There are two in the planning stages in the Duwamish (within 5 miles of Elliott Bay, and tidally influenced, I'd call that Puget Sound). There are ~10 projects associated with Commencement Bay that have recently been completed. I believe the Tulalip Landfill has a NRD mitigation project associated with it, and the gas pipeline rupture up in Bellingham had some NRD work associated with it.
WSDOT does mitigation banking, but those might be more in rivers draining to the Sound. Port Gamble's cleanup has been taken over by Ecology (I believe) and has mitigation/habitat restoration as a part of it. If I had to hazard a guess, the Port Angeles cleanup has habitat restoration as a part of it, and I know that King County as well as the City of Seattle have performed small habitat projects within Elliott Bay in the last ten years. And, I'm recalling a big wetlands project in Everett, but can't remember its name.

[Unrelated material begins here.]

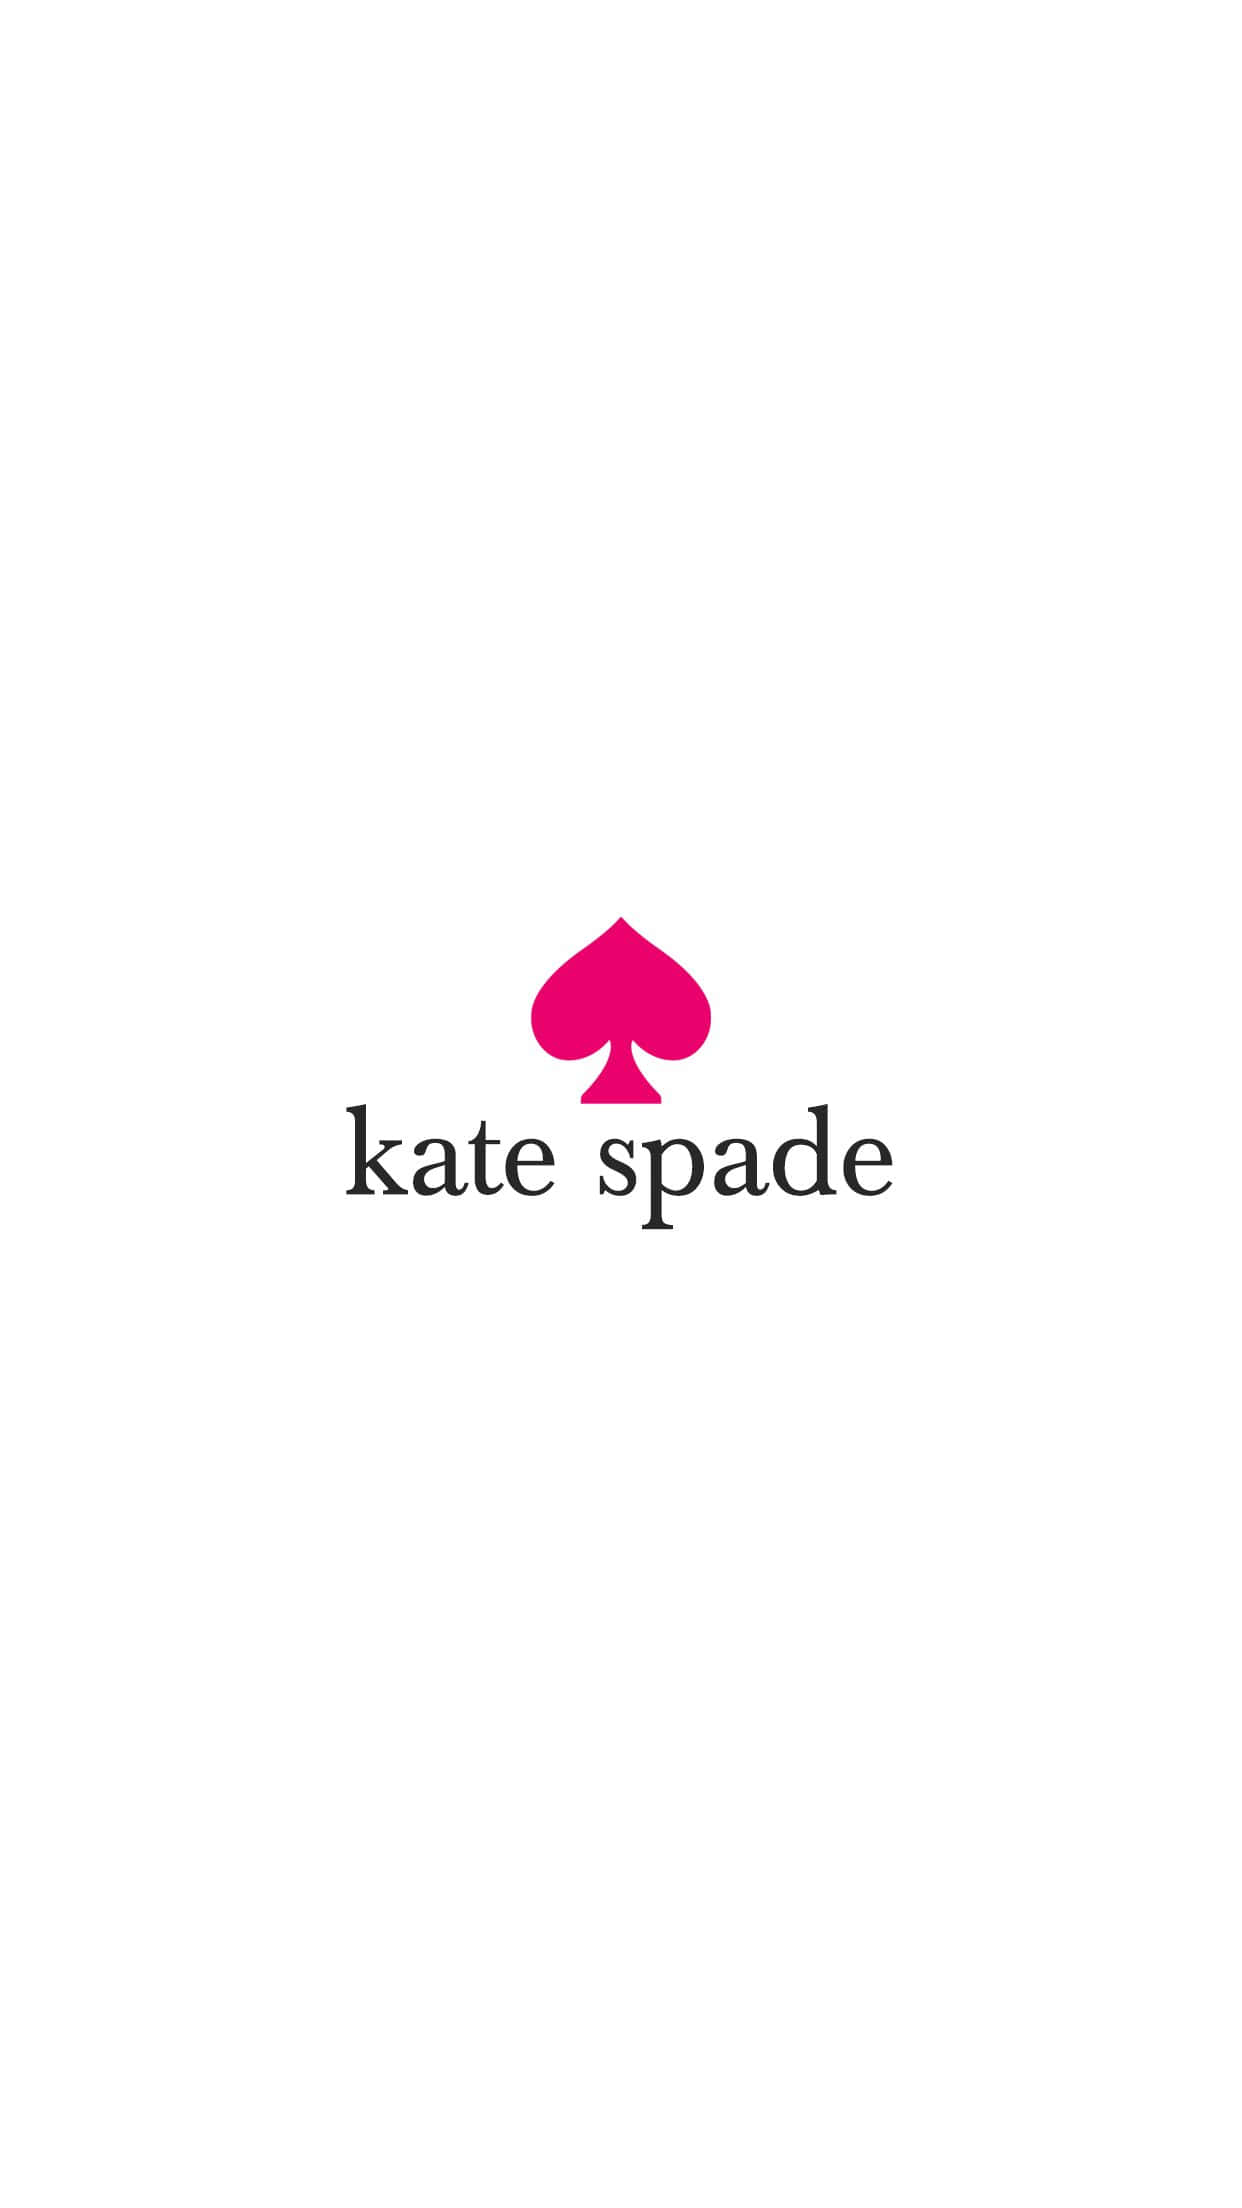 Preparatiper Il Weekend Con Questa Allegra Carta Da Parati Di Kate Spade.

This doesn't really touch on mitigation required by CWA 404 or 401 permits/certifications, or as conditions on shoreline development.
As for the educational comment, I agree in an abstract sense. Since I waved that thing around (something I rarely do), here is my background:
I went to UCSC, and spent two years helping teach an aquatic toxicology class, as well as working in an environmental toxicology lab who's primary responsibility was the Regional Monitoring Project for San Francisco Bay, a program funded by dischargers and administered by the San Francisco Estuary Institute. SFEI is basically responsible for studying and helping guide the restoration of San Francisco Bay. I'm a lawyer now, so my knowledge of the state of the science is admittedly limited, but things like creosote pilings I have a decent understanding of.